Nothing but the lines below from the one that contains "A man leads" through the one that contains "A DIY Wooden" should be retyped, exactly and including both ends. Do not include pictures.

[Opening Extracted information section]

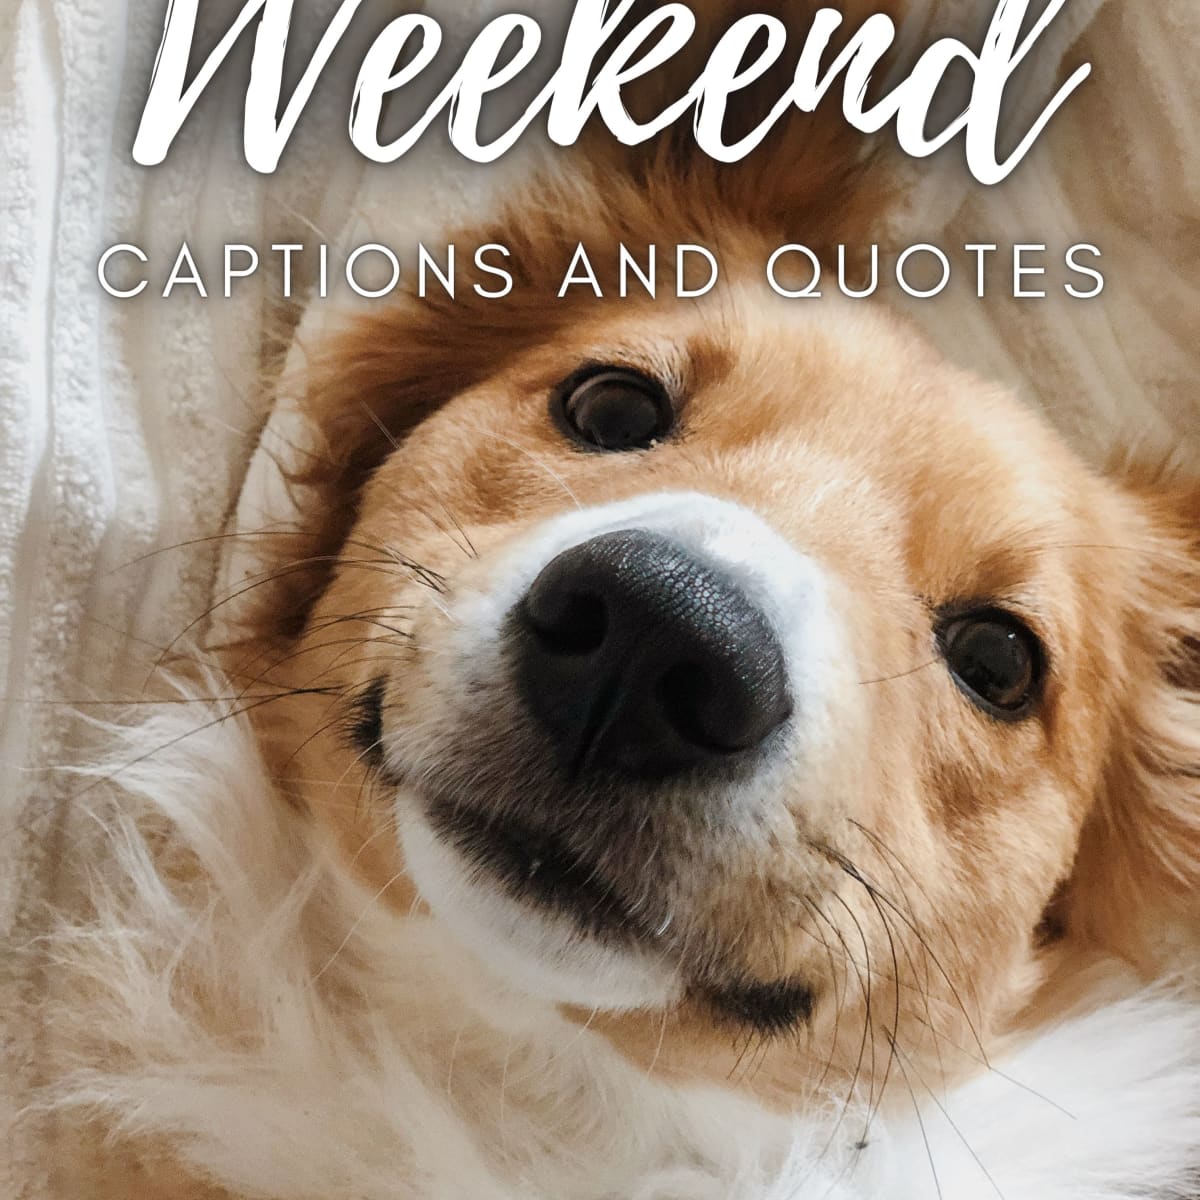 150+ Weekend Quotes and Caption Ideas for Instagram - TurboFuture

[Closing Extracted information section]
[Opening Extracted information section]

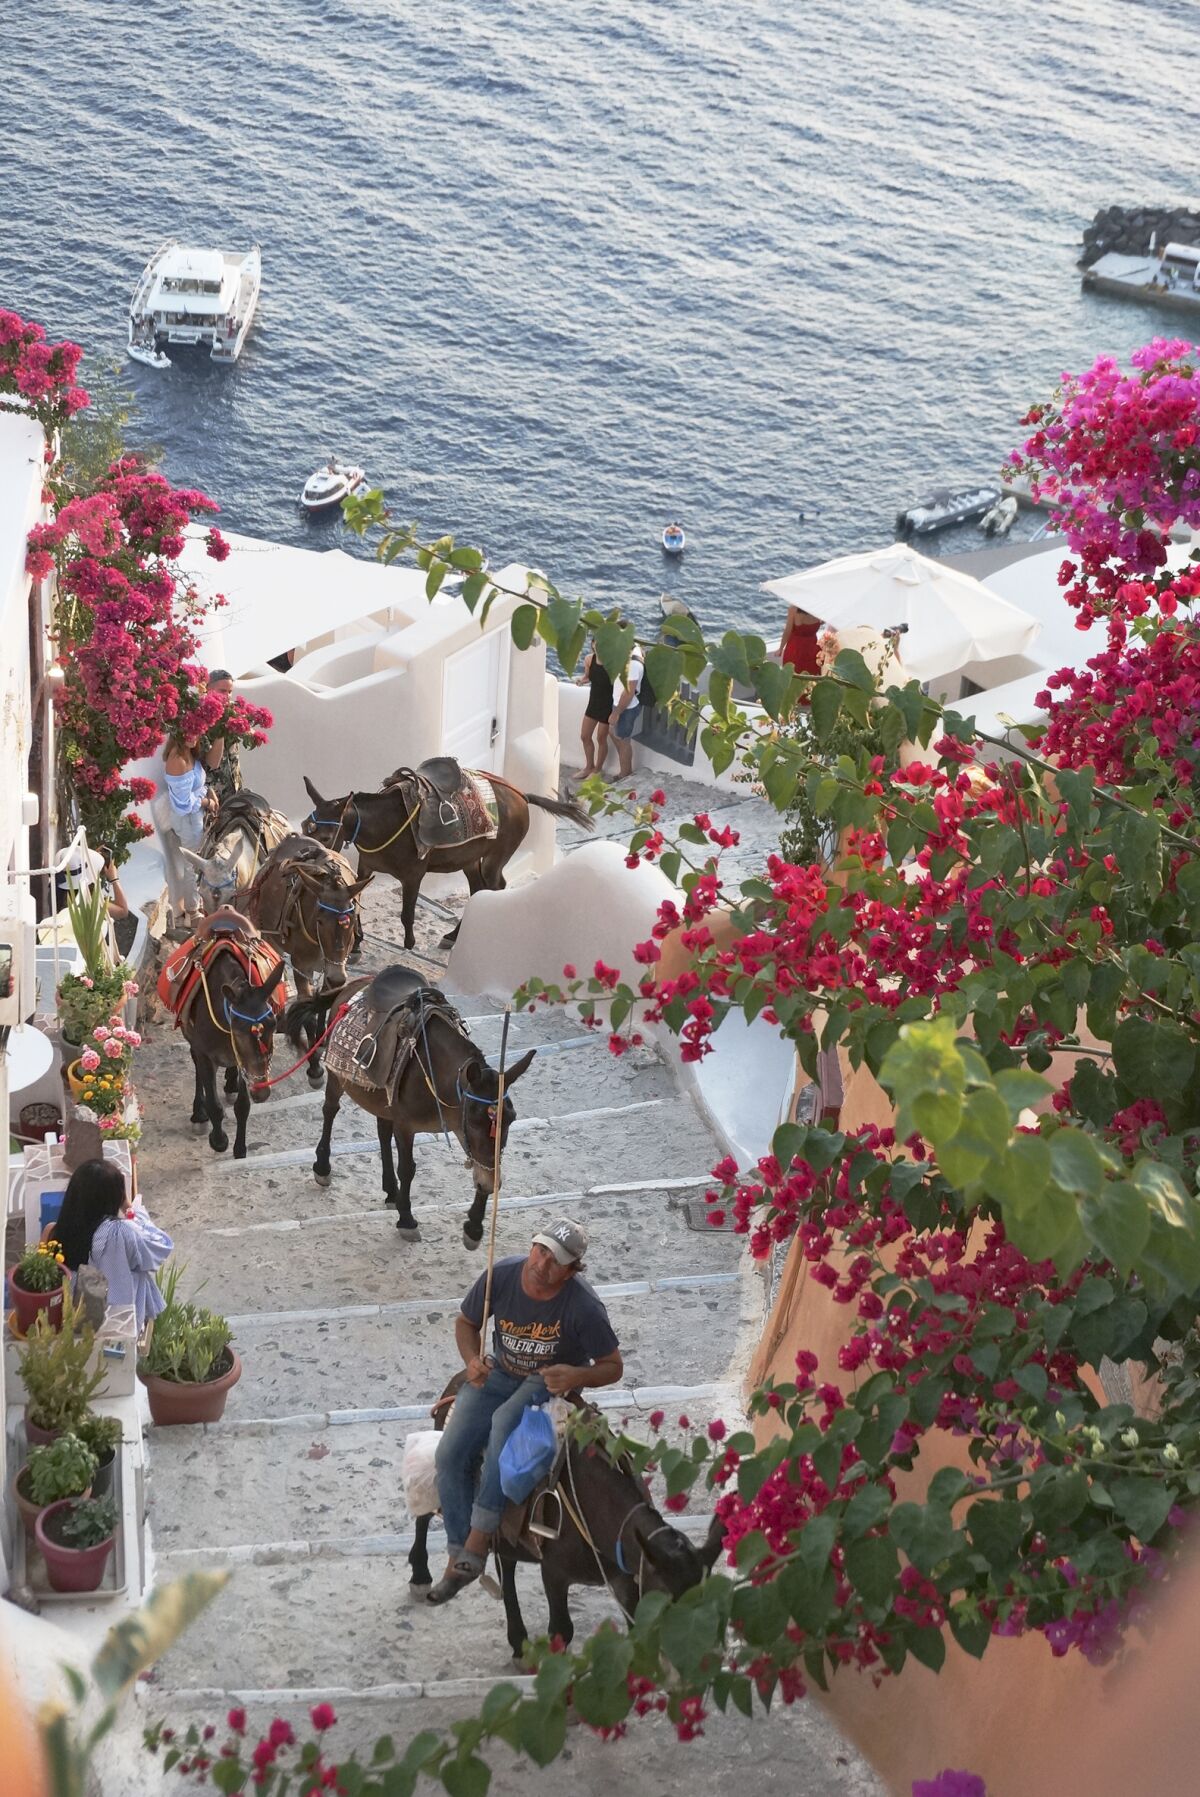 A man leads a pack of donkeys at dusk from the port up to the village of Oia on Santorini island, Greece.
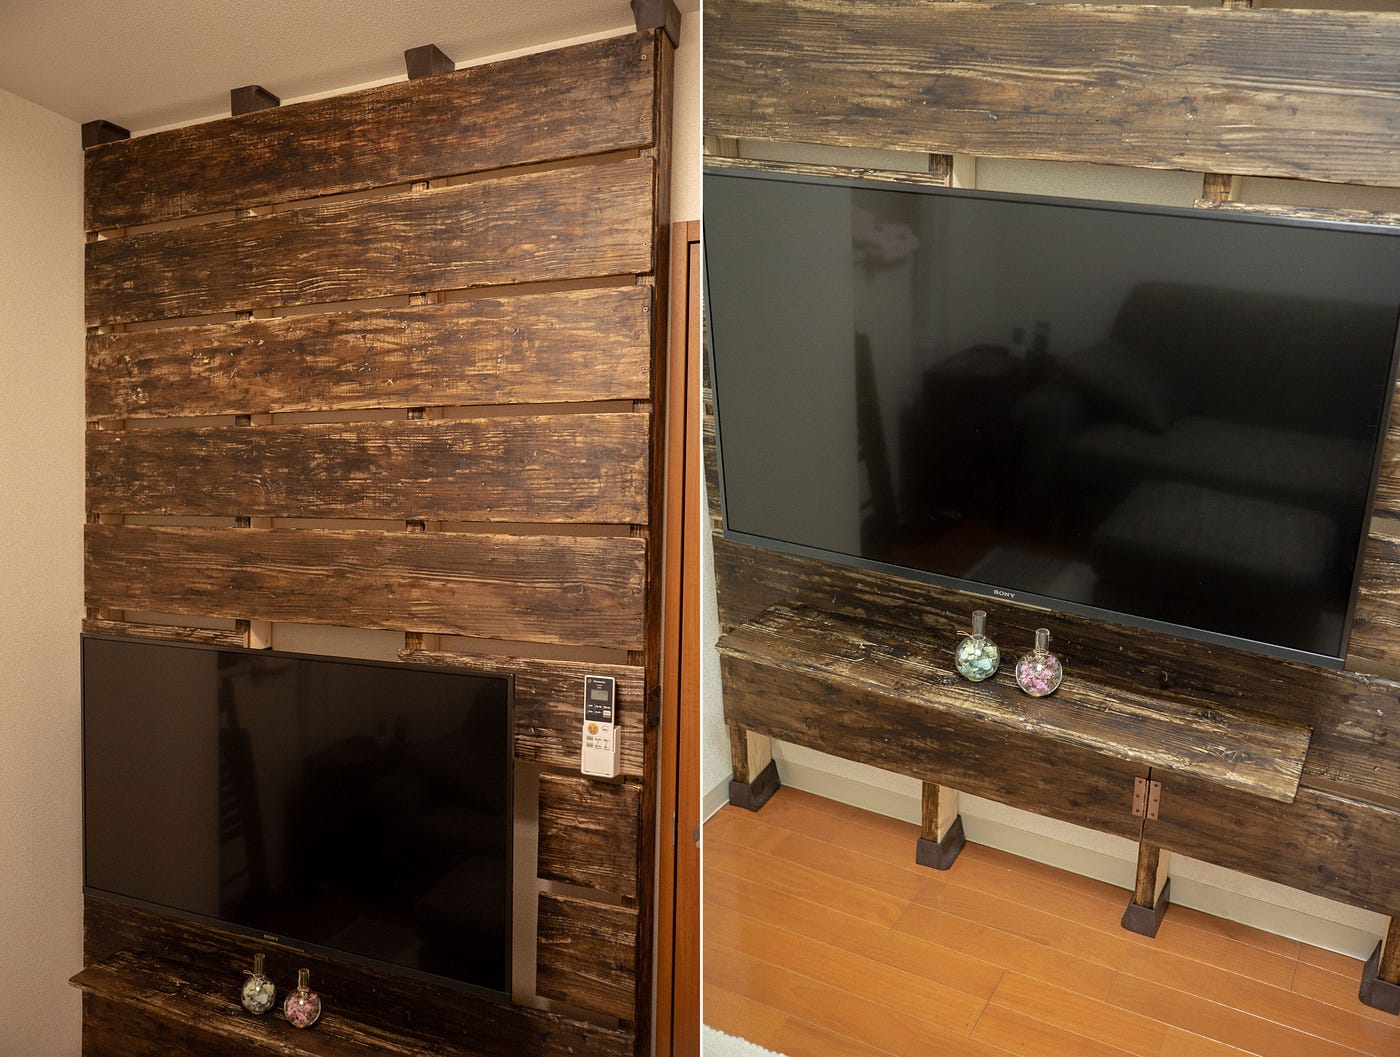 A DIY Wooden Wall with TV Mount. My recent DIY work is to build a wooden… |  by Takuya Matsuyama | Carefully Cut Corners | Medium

[Closing Extracted information section]

▸ Result below
 A man leads a pack of donkeys at dusk from the port up to the village of Oia on Santorini island, Greece.
 A DIY Wooden Wall with TV Mount. My recent DIY work is to build a wooden… |  by Takuya Matsuyama | Carefully Cut Corners | Medium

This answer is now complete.